## <b>MOF ChemUnity Synthesis Extraction</b>

This notebook demonstrates how the synthesis extraction workflow in MOF ChemUnity is used. Prior to running this, the MOF names that are extracted from the Matching Workflow are required, so we advise the user to run ``ChemUnity_Matching.ipynb`` first to retrieve these.

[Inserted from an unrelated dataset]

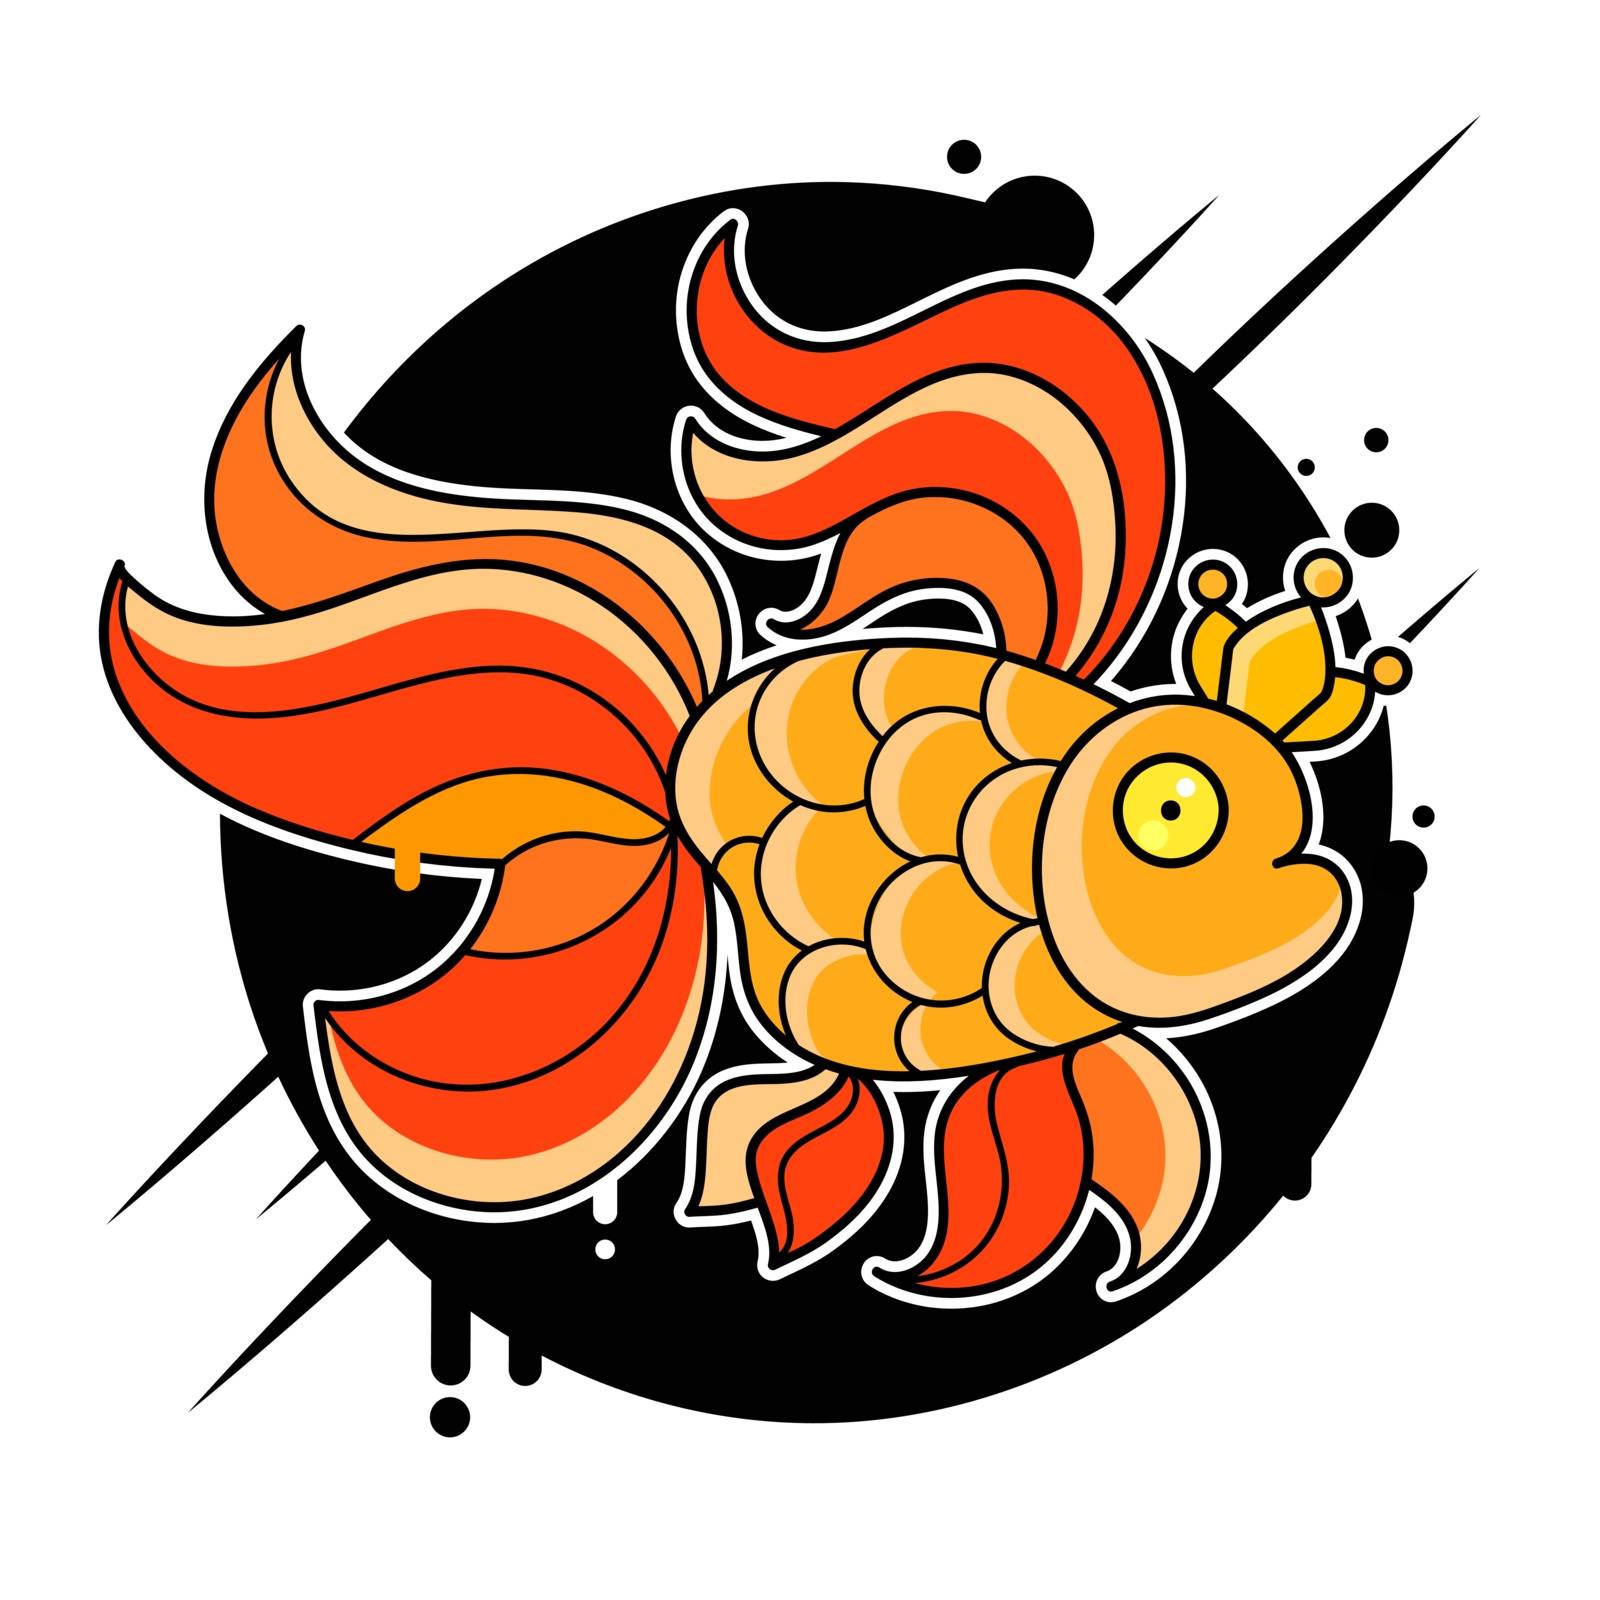 Gold Fish Logo Vector Illustration Suitable For Greeting Card, Poster Or T-shirt Printing.

As well, the vector stores generated from the Matching Workflow can be re-used here to keep things simple - we don't have to worry about reading any .pdf or .xml files here, or converting them to .md

In [2]:
import pandas as pd
import glob
import os
from langchain_openai import ChatOpenAI
from langchain.callbacks import get_openai_callback

from MOF_ChemUnity.Agents.ExtractionAgent import ExtractionAgent
from MOF_ChemUnity.utils.DocProcessor import DocProcessor
from MOF_ChemUnity.Prompts.Synthesis_Prompts import SYNTHESIS_EXTRACTION
from MOF_ChemUnity.utils.DataModels import Synthesis
from MOF_ChemUnity.Agents.BaseAgent import BaseAgent

<b>Preparation of MOF Names from Matching CSV</b>

Please refer to ```ChemUnity_Matching.ipynb``` to get a matching .csv file (set this as ```mof_names_df```), which manages to map MOF name to the reference code (alongside their respective DOI). These are needed to run the rest of the demonstration. Furthermore, please use your own OpenAI API key. For reference, the following cell has been constructed for preparation of extraction process.

In [None]:
os.environ["OPENAI_API_KEY"] = 'YOUR_API_KEY'

llm = ChatOpenAI(model="gpt-4o", temperature=0.1)
parser_llm = ChatOpenAI(model="gpt-4o-mini", temperature=0)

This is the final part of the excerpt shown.